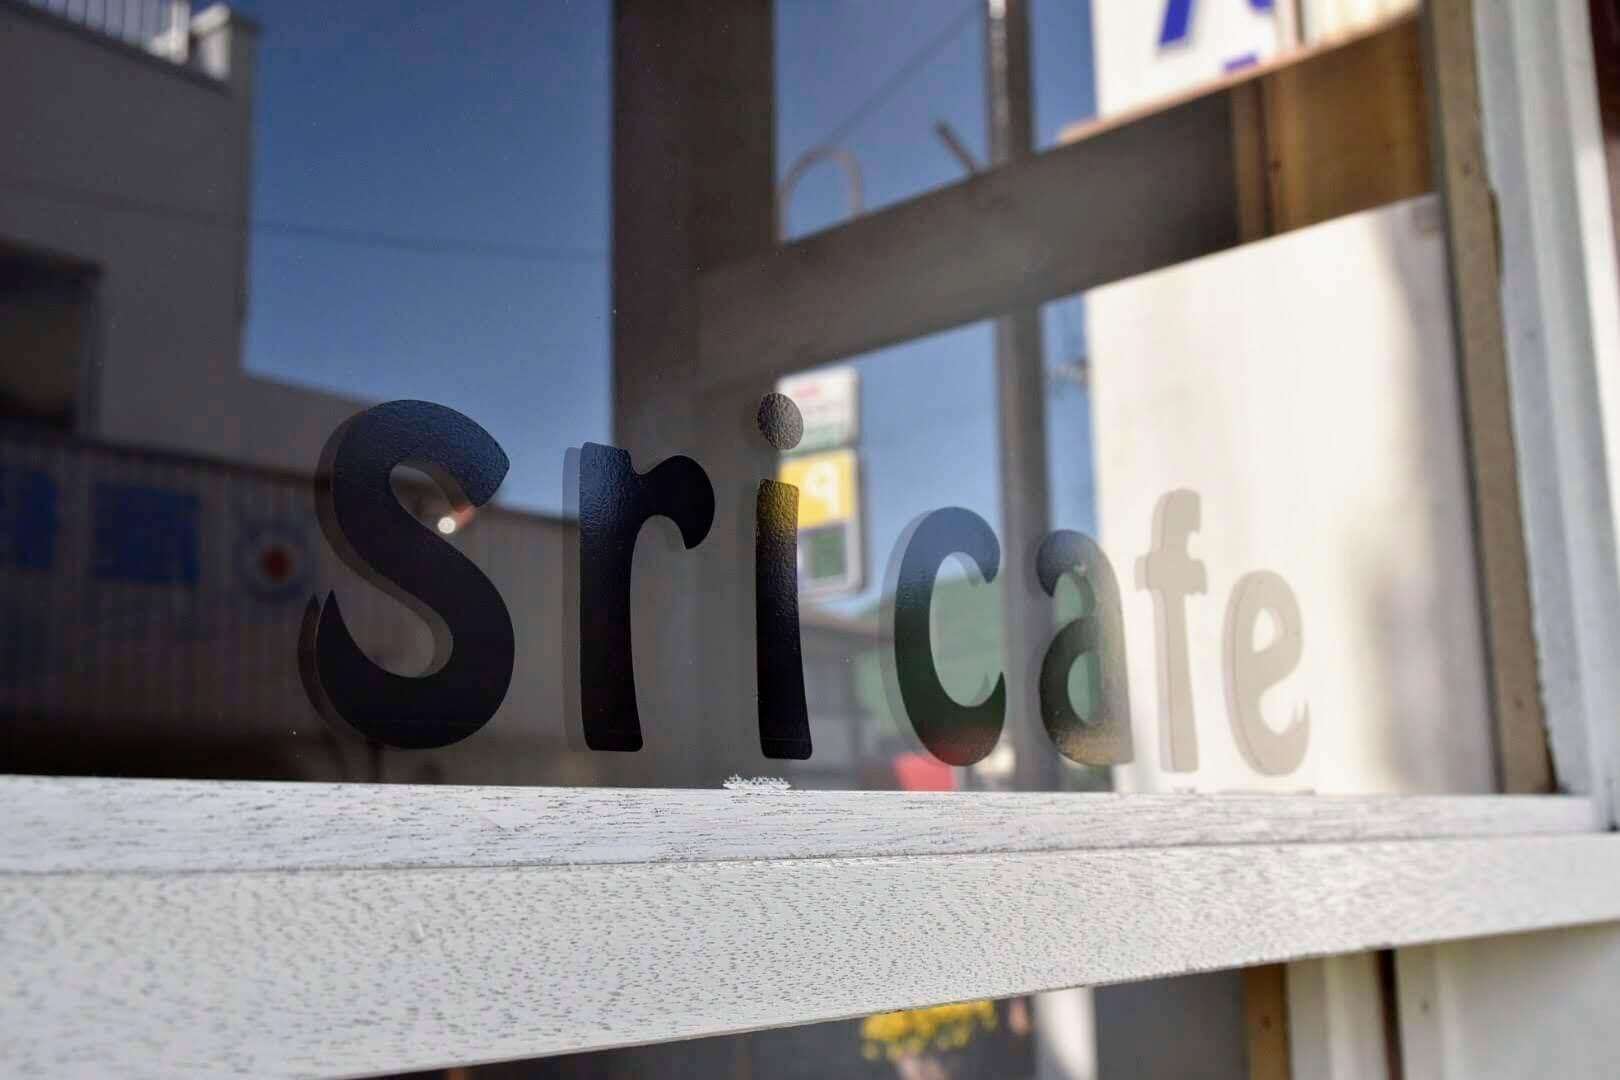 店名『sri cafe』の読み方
...
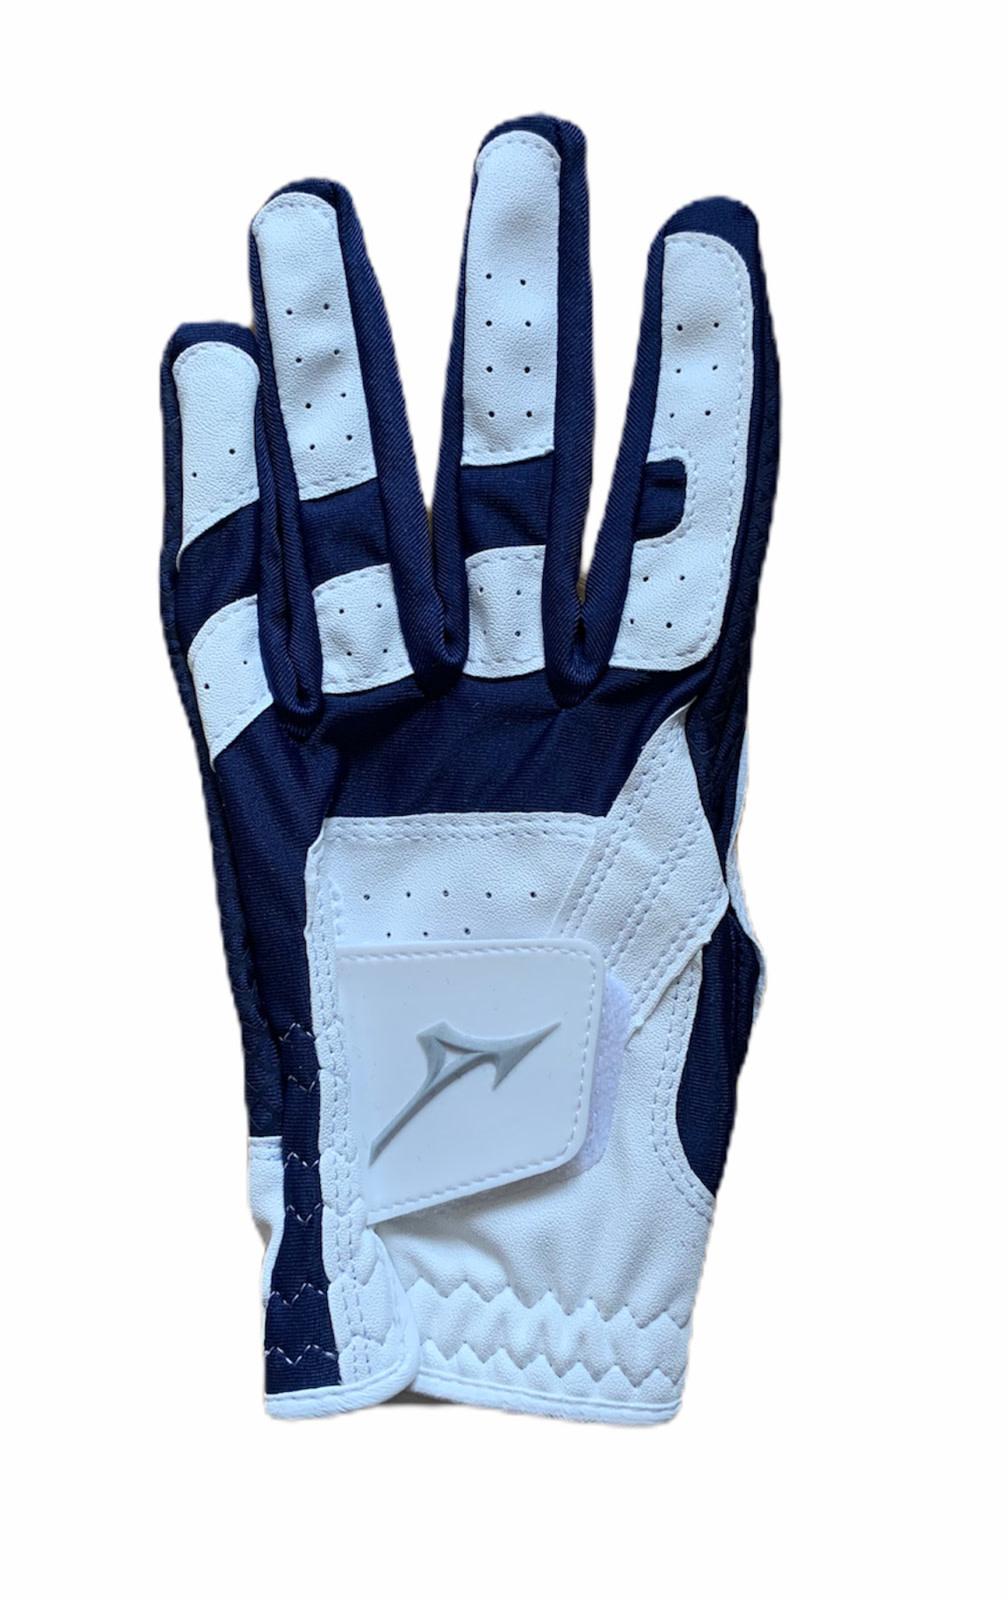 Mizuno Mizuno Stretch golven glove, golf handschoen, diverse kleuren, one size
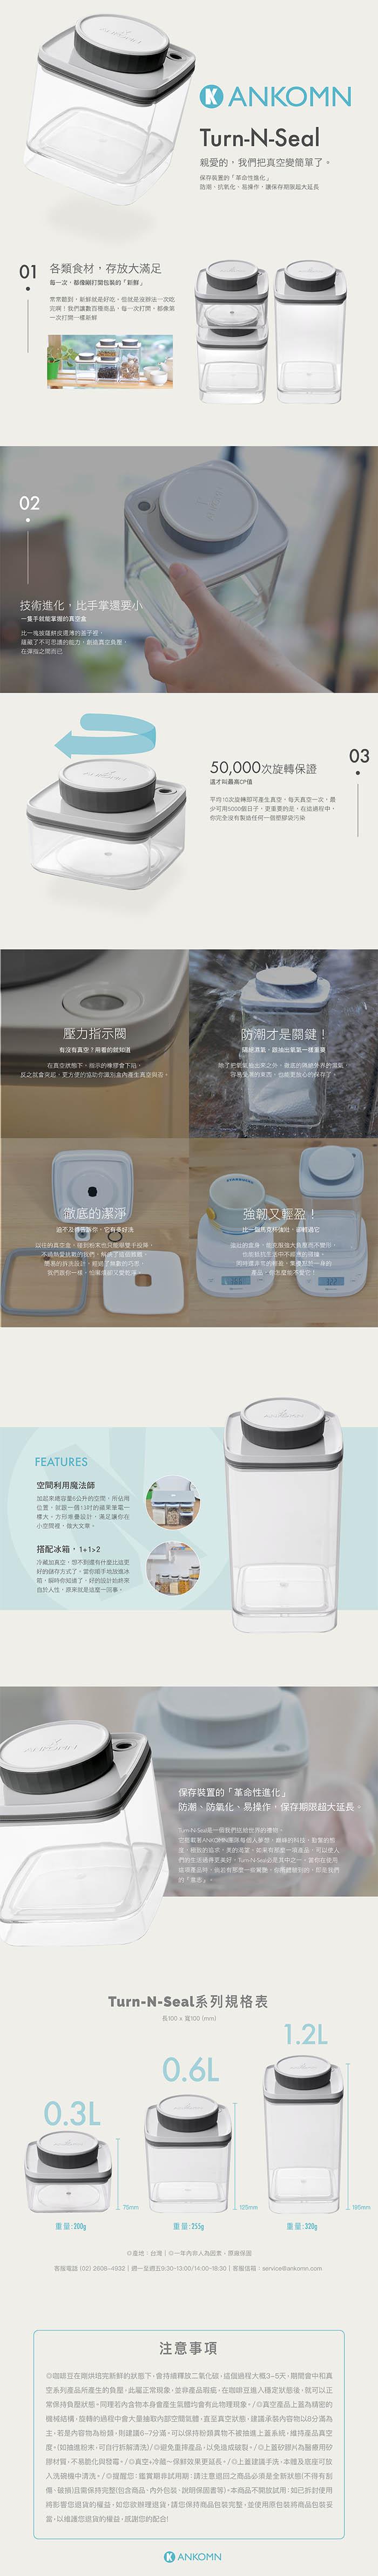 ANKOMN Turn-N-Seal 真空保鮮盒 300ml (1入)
--
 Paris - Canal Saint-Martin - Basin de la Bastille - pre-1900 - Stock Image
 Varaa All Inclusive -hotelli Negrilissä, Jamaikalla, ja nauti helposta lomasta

#### [Exercise brief]
Above this task is a listing. Restate, word for word and with nothing added, the lines from the one with "Paris - Canal" through the one with "Varaa All Inclusive".

#### [Answer]
 Paris - Canal Saint-Martin - Basin de la Bastille - pre-1900 - Stock Image
 Varaa All Inclusive -hotelli Negrilissä, Jamaikalla, ja nauti helposta lomasta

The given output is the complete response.